# Best Practices for Early Spring Growth and Green up?



## WCtotheB (Apr 20, 2021)

I am interested in what the opinions are on what one can do to stimulate or encourage the earliest growth and green-up, curious if anyone has ideas they want to share? There are obvious things however I am interested in compiling a list and doing all that I can. Share the obvious or the abstract. I am interested in it all. 
Of course, there are going to be some things more beneficial to my backyard that is southern exposed and is a mix of cool-season cultivars, as compared to my mono stand of KBG Mazama in the front of my house that gets less daylight exposure.
Let's get some ideas going and start a list.

Clean up
winter repair- Snow Mold, wash out, die off, bare spot prepping, etc
Light raking
Early Fert
Mowing

Of course @g-man has his spring maintenance listed in the cool season guide which is awesome, just looking for thoughts beyond what is mentioned there and particularly what is most beneficial early in the season.

Thanks for the efforts to make a list and see if we can prioritize.


----------



## g-man (Jun 15, 2017)

This will give you the earliest green up. https://www.domyown.com/green-lawnger-turf-paint-p-1552.html?gclid=Cj0KCQiA64GRBhCZARIsAHOLriK-RgDGocG5tX0rUGGSsTVjGhccccKaK5VDr3dLWv7wumr4MuDMvxUaAkuBEALw_wcB&sub_id=1553


----------



## ABC123 (Jul 14, 2017)

The fall nitrogen application, it also depends on how the cultivar is ranked for early greenup.


----------



## WCtotheB (Apr 20, 2021)

g-man said:


> This will give you the earliest green up. https://www.domyown.com/green-lawnger-turf-paint-p-1552.html?gclid=Cj0KCQiA64GRBhCZARIsAHOLriK-RgDGocG5tX0rUGGSsTVjGhccccKaK5VDr3dLWv7wumr4MuDMvxUaAkuBEALw_wcB&sub_id=1553


Fair enough. Well played. 
Hadn't seen that brand of paint previously.


----------



## WCtotheB (Apr 20, 2021)

ABC123 said:


> The fall nitrogen application, it also depends on how the cultivar is ranked for early greenup.


The mazama I have is the greenest I have seen coming through the winter, however I am trying to get it a head start on spreading and filling in being that I renovated the mazama monostand in too late and it got cold before it could fill in. Appreciate the response.


----------



## g-man (Jun 15, 2017)

Just do regular spoon feedings when it starts to grow. This is a long distance marathon and not a sprint.


----------



## Jeffersonzoysia (12 mo ago)

g-man said:


> Just do regular spoon feedings when it starts to grow. This is a long distance marathon and not a sprint.

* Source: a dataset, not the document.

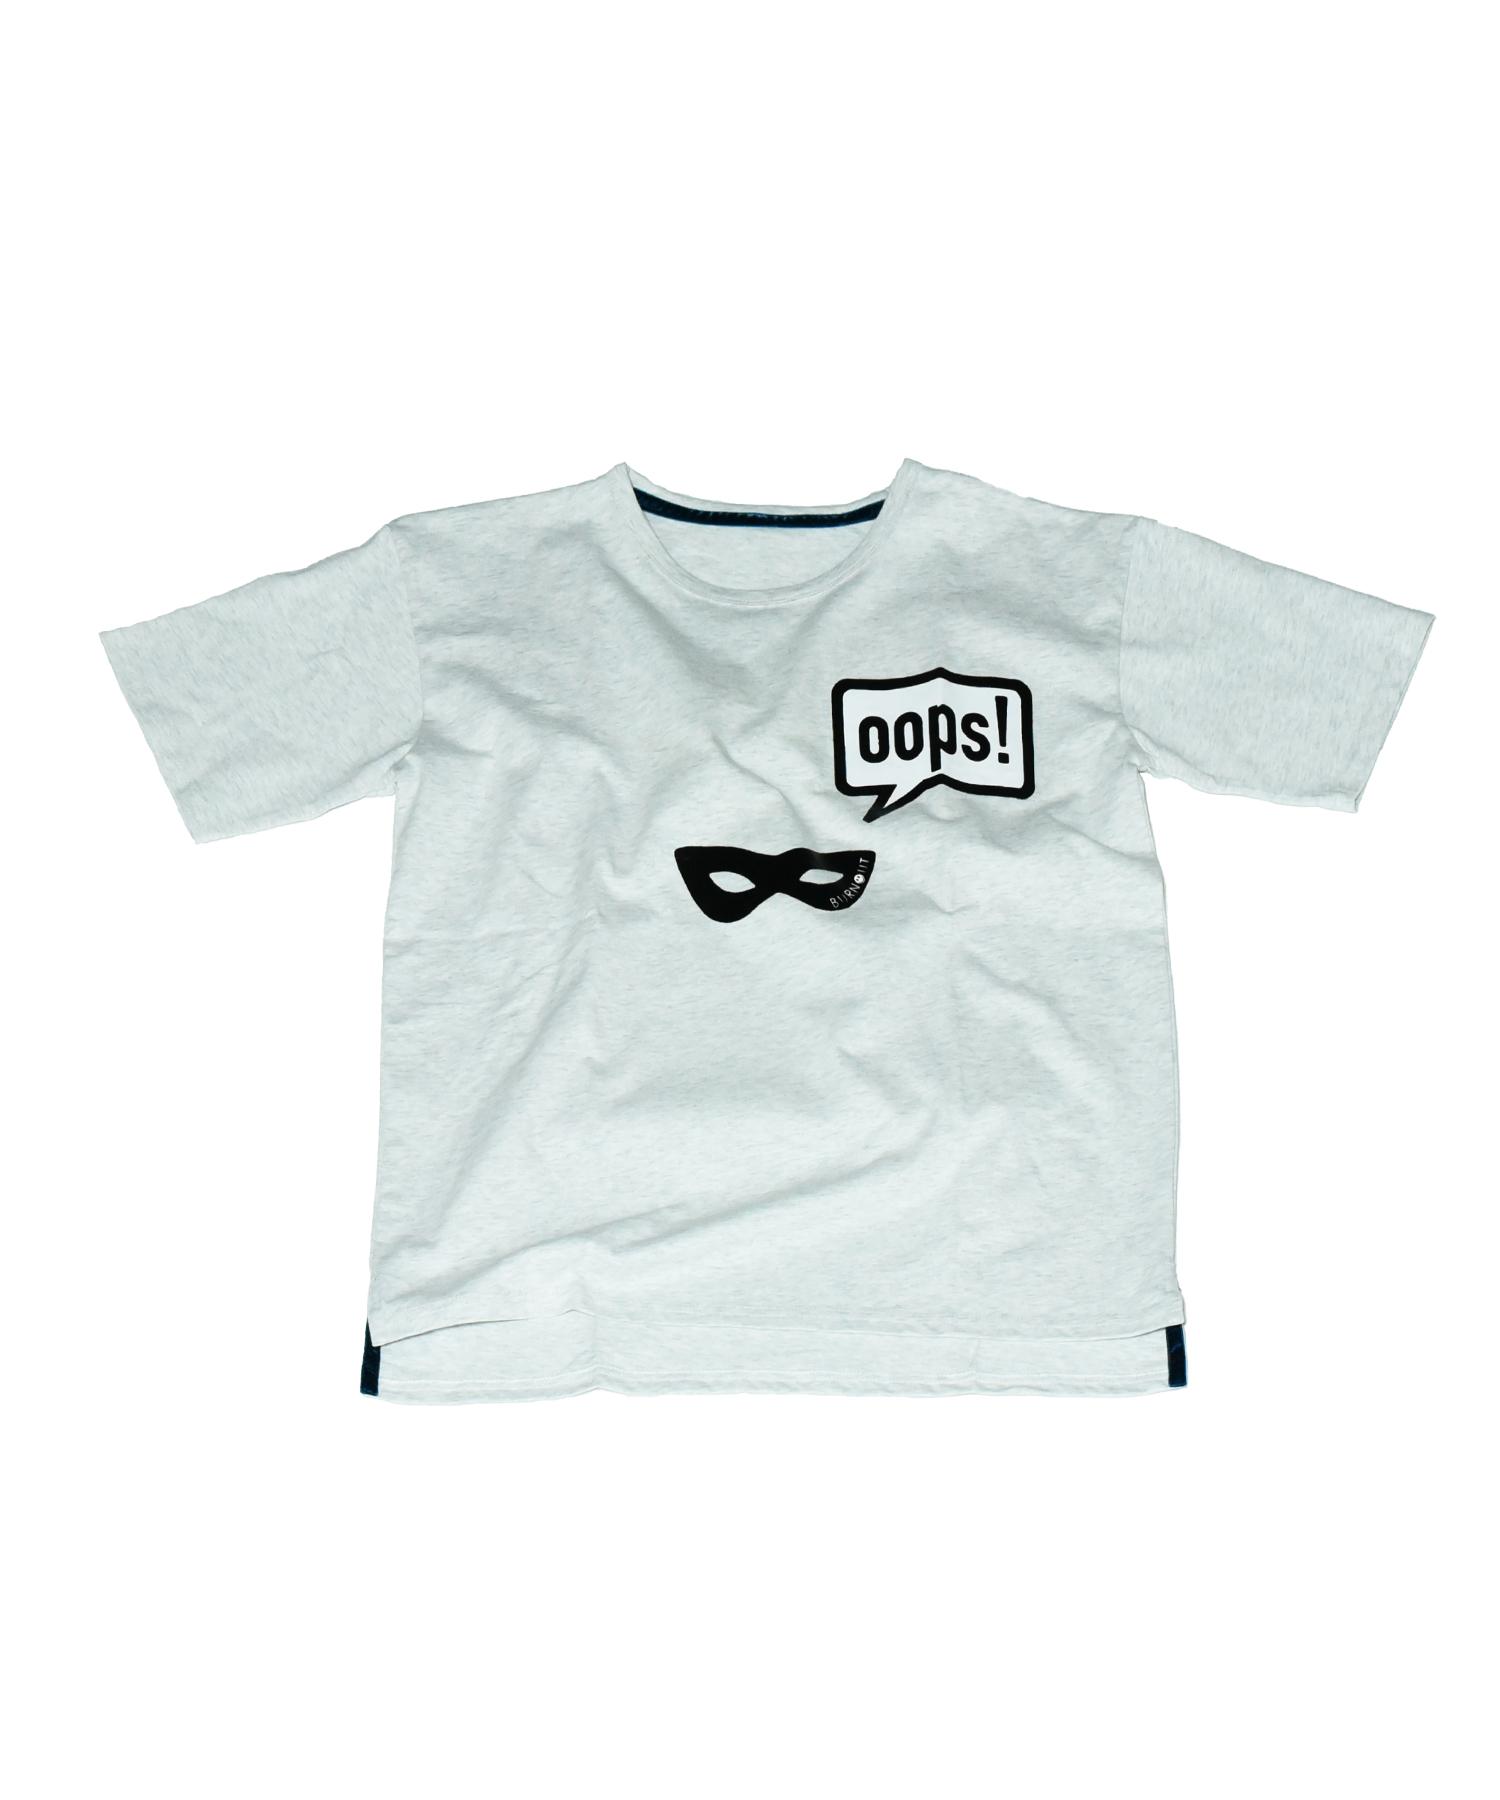 OOPS T-シャツ03

Agreed, Once mother nature (soil temps) starts the green up, we can slowly help out. Anything sooner or pre-mature will only hurt that process, especially if/when we have a setback to freezing temps (which we usually always do). 
For example, next 10 days in Atlanta area, we are expected to have high 60s - high 70s and then on March 12th low of 32 degrees. That 1 night at freezing will kill any new growth on any warm season lawn and any other flowering, budding plants that woke up early from warm temps for 3 weeks.


----------



## bernstem (Jan 16, 2018)

Jeffersonzoysia said:


> Agreed, Once mother nature (soil temps) starts the green up, we can slowly help out. Anything sooner or pre-mature will only hurt that process, especially if/when we have a setback to freezing temps (which we usually always do).
> For example, next 10 days in Atlanta area, we are expected to have high 60s - high 70s and then on March 12th low of 32 degrees. That 1 night at freezing will kill any new growth on any warm season lawn and any other flowering, budding plants that woke up early from warm temps for 3 weeks.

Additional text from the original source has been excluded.